Three years after international lenders loaned Ireland $92.7 billion to recover from its part of the international economic crisis, the country is the first afflicted eurozone state to exit its rescue program.

Ireland announced that it will not seek more funds from the International Monetary Fund, the European Commission and the European Central Bank. The rescue plan will end formally Sunday. European Commission President Jose Manuel Barroso seized on the exit as evidence the eurozone can stage a full recovery.

“Ireland’s success sends an important message — that with determination and support from partner countries we can and will emerge stronger from this deep crisis,” he said.

The Guardian reports:

Having implemented the spending cuts, asset sales and reforms required under the bailout, Ireland has been embraced again by the debt markets that shut out the country at the turn of the decade. It has raised enough debt independently to fund itself into 2015 and has more than €20bn (£17bn) in the bank.

News that Ireland will exit the rescue program was tempered with warnings from Irish officials that punishing austerity must continue in order to continue driving down the country’s debt. Finance Minister Michael Noonan said: “This isn’t the end of the road.
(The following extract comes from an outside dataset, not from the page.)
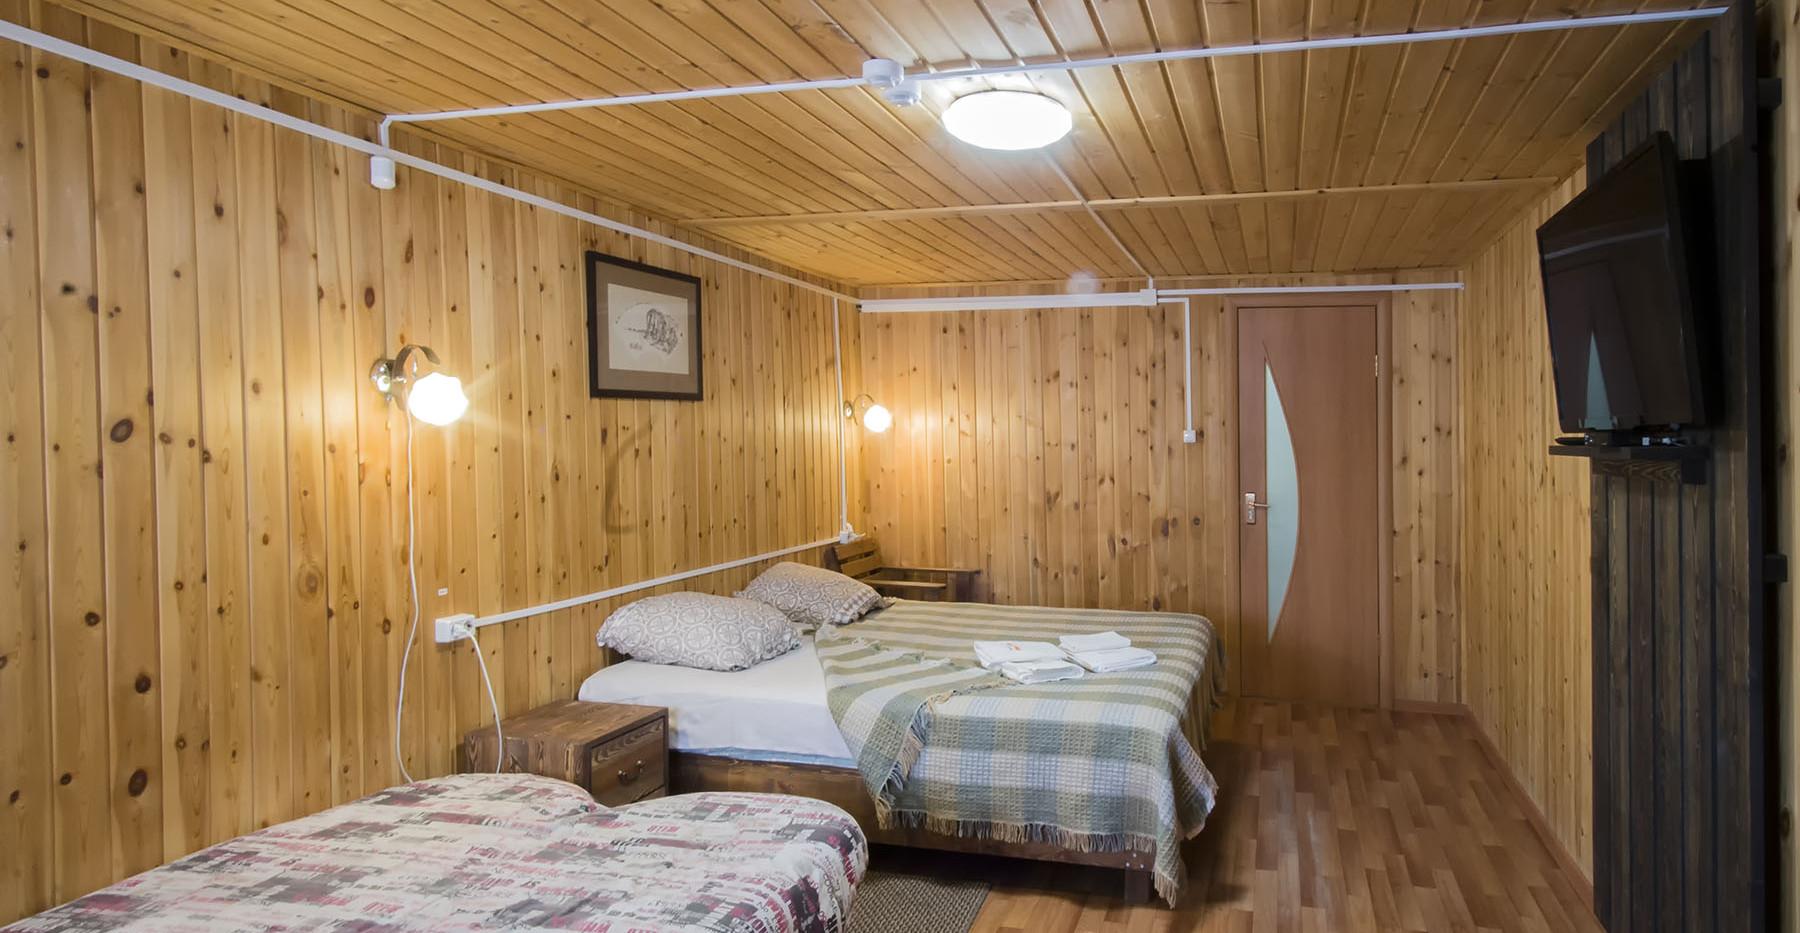 Вид на спальню

This is a very significant milestone on the road.”

— Posted by Alexander Reed Kelly.

The Guardian:

Earlier the employment minister, Richard Bruton, praised the way the Irish accepted their newly straitened circumstances without taking to the streets, as in Greece and Portugal, describing the “patriotism in the way people approached this crisis”.

Among the ordinary citizens portrayed as the true heroes of the last three years there was a mixture of resignation and wariness over what the exit would mean for them.

Michael McMorrow, a self-employed Dubliner, said: “It does appear that there are small signs of improvement – unemployment going down a little, property market starting to move a little, dormant shop units waking up a little, the tide of new charity shops in Dún Laoghaire [a seaside town in the south Dublin suburbs] slowing down a little.

“I’d love to believe that leaving the bailout is genuinely a step into the light, and maybe it is, but I’m too scarred to raise my hopes just yet.”